I want to talk to you about disability ministry.
Already, I realize that I have initiated one of three typical reactions to my introduction: I imagine you are excited, scared, or apathetic. Some readers didn’t even make it this far. But you did, so let’s continue.
Though I was a junior in college, I could still pass for twelve years old as I headed to work as a counselor at a summer camp. I was reeling from a breakup, and at the time, I would’ve described myself as having been “dumped.” In the errant wisdom of my youth, I swore off relationships with girls altogether, setting a timeline for myself of one year that I would spend pursuing other activities and interests. But on the very first day that my fellow counselors and I arrived at camp, I met her. And her was named Virginia. And with Virginia, my short girlfriend fast was officially over. Of course, she didn’t yet know that, nor did she know my name or that I even existed, but I am nothing if not optimistic.

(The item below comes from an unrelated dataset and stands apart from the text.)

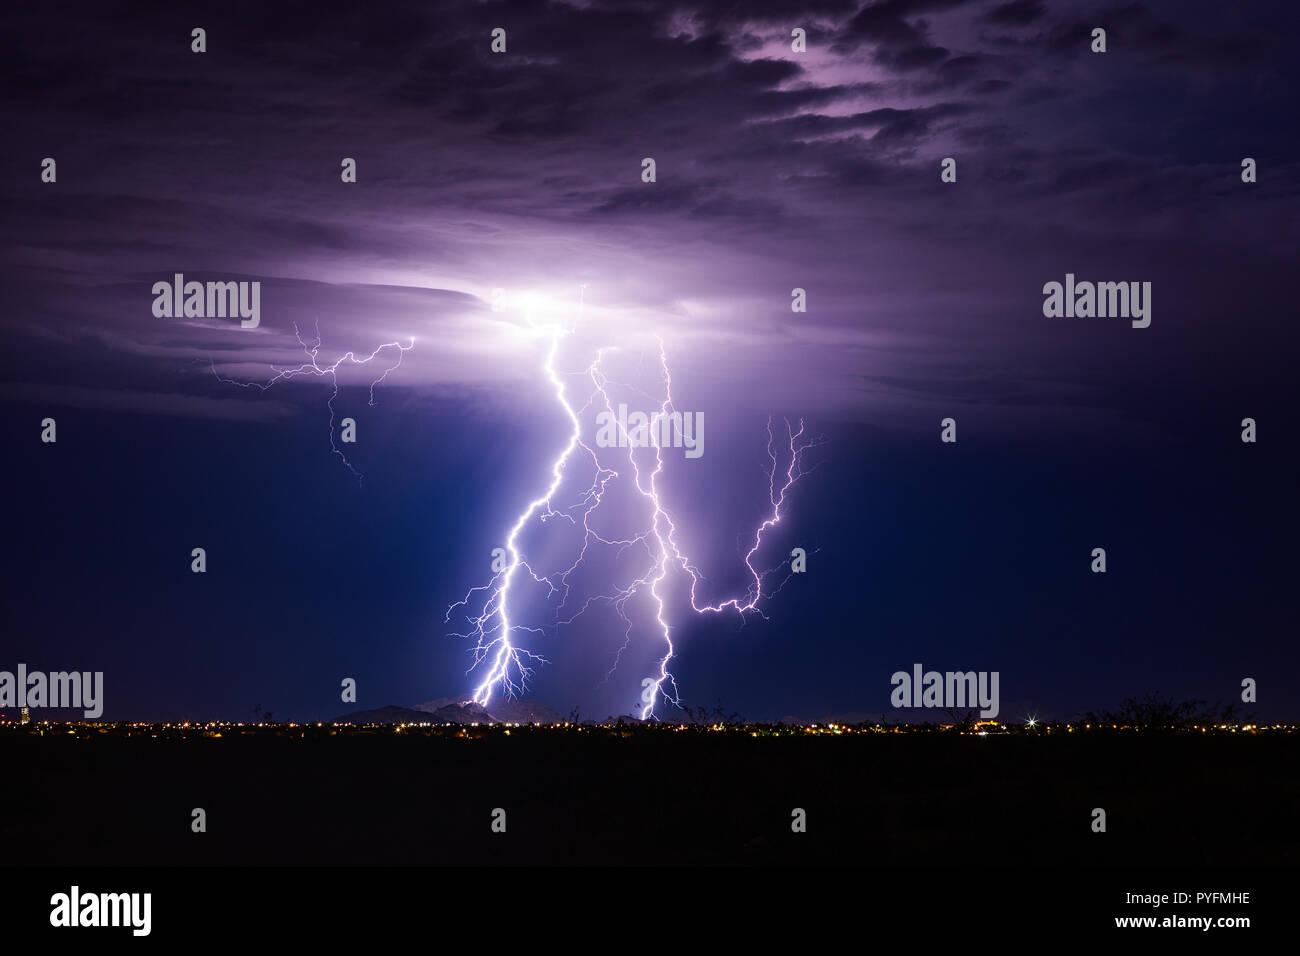 Lightning bolt storm over Casa Grande, Arizona. Stock Photo

Over the course of the next eighteen months, I spent numerous hours on the phone and in the computer lab at school (kids, that’s where the only computers used to be on a college campus), seeking to get to know this particular girl of whom I was particularly fond.
We have been married almost fifteen years now, and I promise you that not a day goes by that I don’t pinch myself in disbelief that she chose to spend her life with me. When I think back on those eighteen months between our meeting and our wedding, there is one word that sums up that time period—pursuit. I pursued a relationship with Virginia because I wanted to know her.
Christ has pursued us in love, and we are to pursue others with the truth of the gospel and the love of Christ. Active pursuit.
Scripture is emphatic about our responsibility to love those around us. We are to “go,” to “make disciples of all nations” (Matthew 28:19). We are to proclaim the good news to a thirsty world. And we are commanded to love others in a sacrificial way, while loving our fellow brothers and sisters so well that the world actually knows that we are Christians by the evidence of our love for one another.
These imperatives from Scripture can be summed up as pursuit. Christ has pursued us in love, and we are to pursue others with the truth of the gospel and the love of Christ. Active pursuit.
Yet, too often, I am reminded of anything but pursuit when it comes to my many experiences of the way churches engage persons with disability. A different word comes to mind, in fact—accommodation. That word should sound like nails on the chalkboard to any church, and it is certainly a stain on the bride of Christ if it describes a church’s work with various persons in their community.
Imagine how ministry would change if the church decided it truly, actively wanted to get to know persons of all shapes, sizes, and abilities.
I certainly don’t accommodate my wife. I pursue her. It would hurt our marriage if I stopped treating her like someone I actively want present in my life and started treating her like someone who just happens to be in my life.
The gospel has pursuit over accommodation in mind when we engage persons in our community. Imagine how ministry would change if the church decided it truly, actively wanted to get to know persons of all shapes, sizes, and abilities. That’s the call of Jesus. And we have some work to do.